The above-mentioned enzyme treatment can be carried out in acidic, neutral or alkaline solvents, depending on the particular enzyme in question. The solvent may include a buffer solution. It may be advantageous to carry out said enzyme treatment step in the presence of one or more conventional anionic, nonionic or cationic surfactants. An example of a useful nonionic surfactant is Dobanol (Henkel AG).

The above-mentioned proteolytic enzyme treatment may be carried out simultaneously with or after the haloperoxidase treatment. To derive the maximum benefit from co-treatment, the proteolytic enzyme must be active in the presence of hydrogen peroxide and the haloperoxidase should also be active at a pH that is also active. Therefore, for simultaneous use, an acidic protease is preferably combined with an acidic haloperoxidase.
Alternatively, the alkaline protease may be combined with alkaline haloperoxidase.
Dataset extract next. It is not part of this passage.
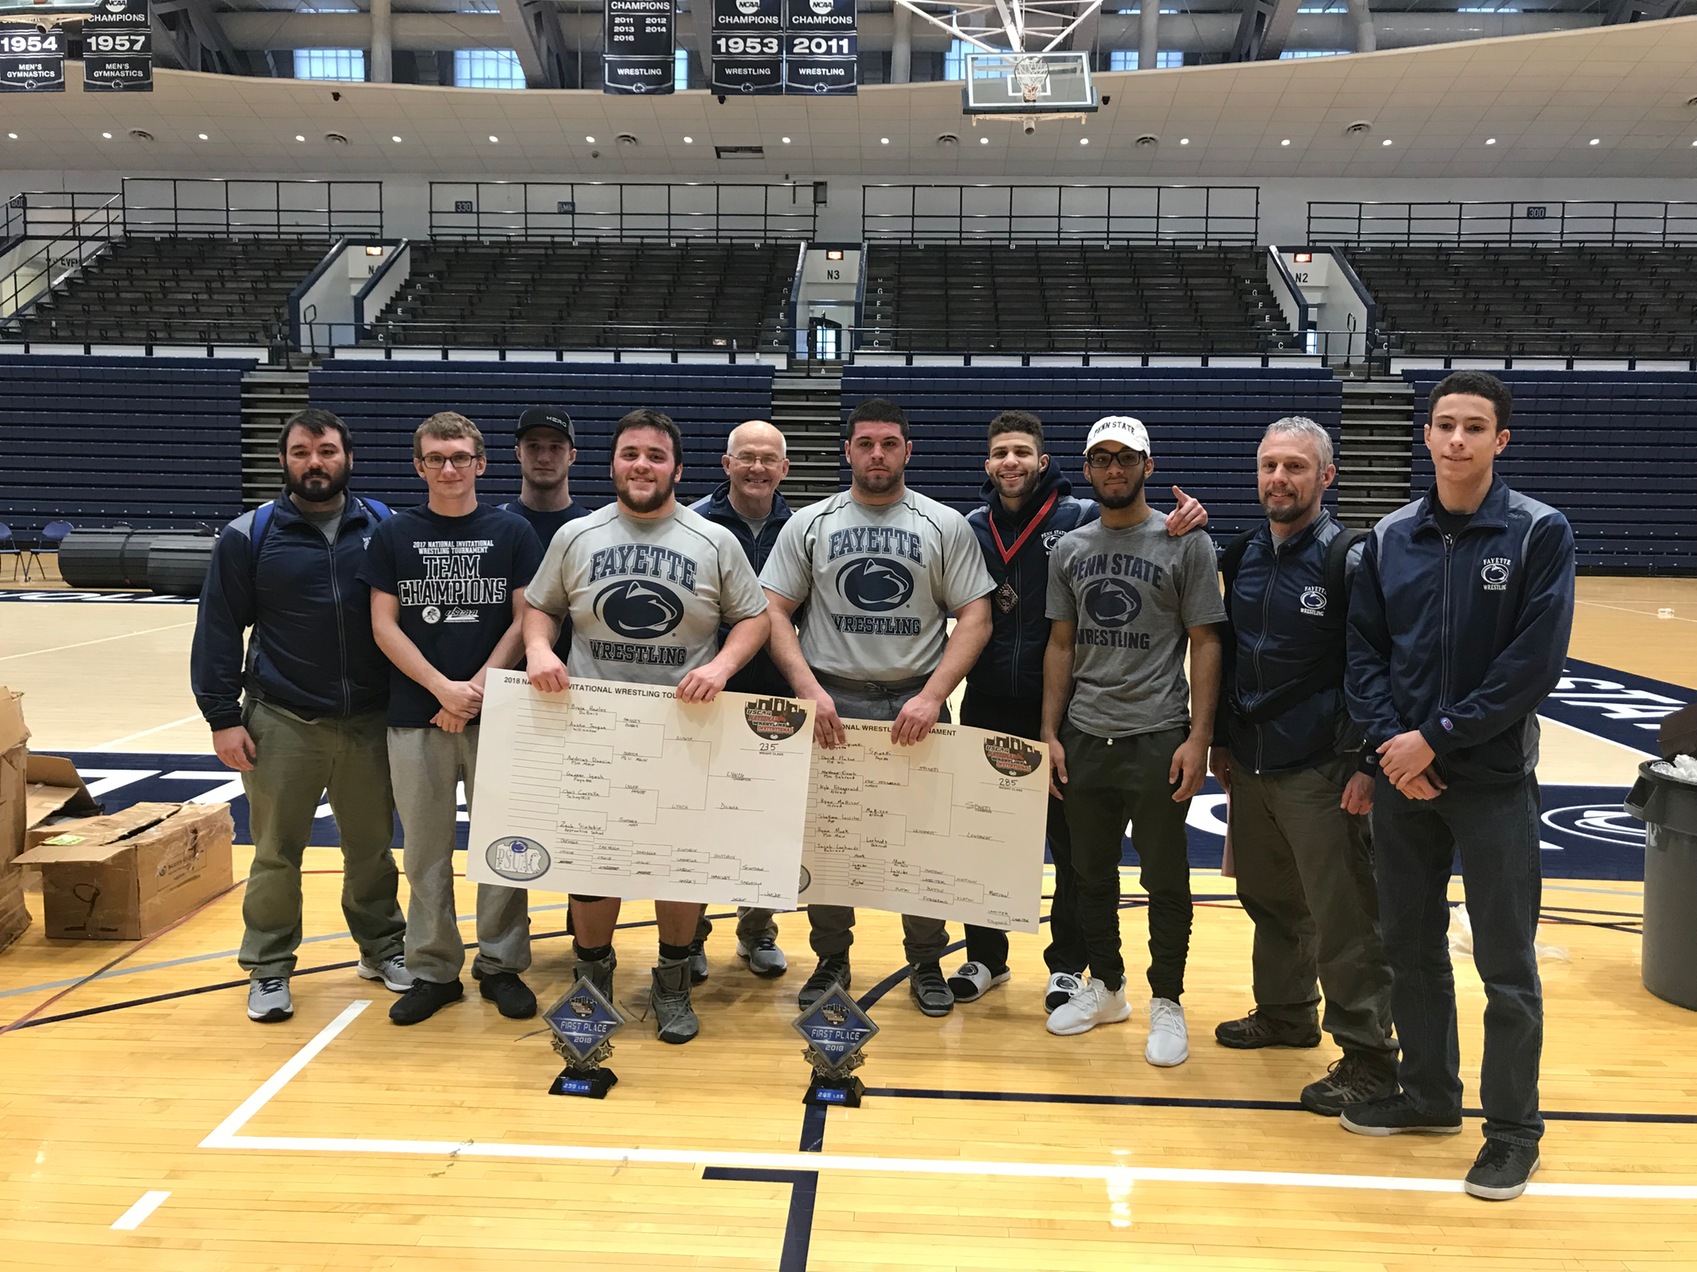 Spinetti and Lynch take 1st in PSUAC/USCAA Invitational

In a preferred embodiment, the proteolytic enzyme treatment is performed after the first haloperoxidase treatment. In a further preferred embodiment said proteolytic enzyme is an alkaline protease, eg Esperase ™ or Savin.
ase (trademark). In a preferred embodiment, the proteolytic enzyme treatment is pH 3.5-6 or less, more preferably pH 4.1-5.3 after the first haloperoxidase treatment.
Will be done within. Haloperoxidase treatment In the context of the present invention, the term "haloperoxidase" refers to chloride peroxidase (EC 1.11.1.10), bromide peroxidase and iodide peroxidase (EC 1.11.1.8), or alternatively It is expected to mean an enzyme selected from the group consisting of combinations of two or more such haloperoxidases. Chloride peroxidase is an enzyme capable of oxidizing chlorine, bromine and iodine ions by the consumption of H ₂ O ₂ . Bromide peroxidase is an enzyme that can oxidize bromine and iodide ions by the consumption of H ₂ O ₂ . Iodide peroxidase is an enzyme that can oxidize iodide ions by consuming H ₂ O ₂ .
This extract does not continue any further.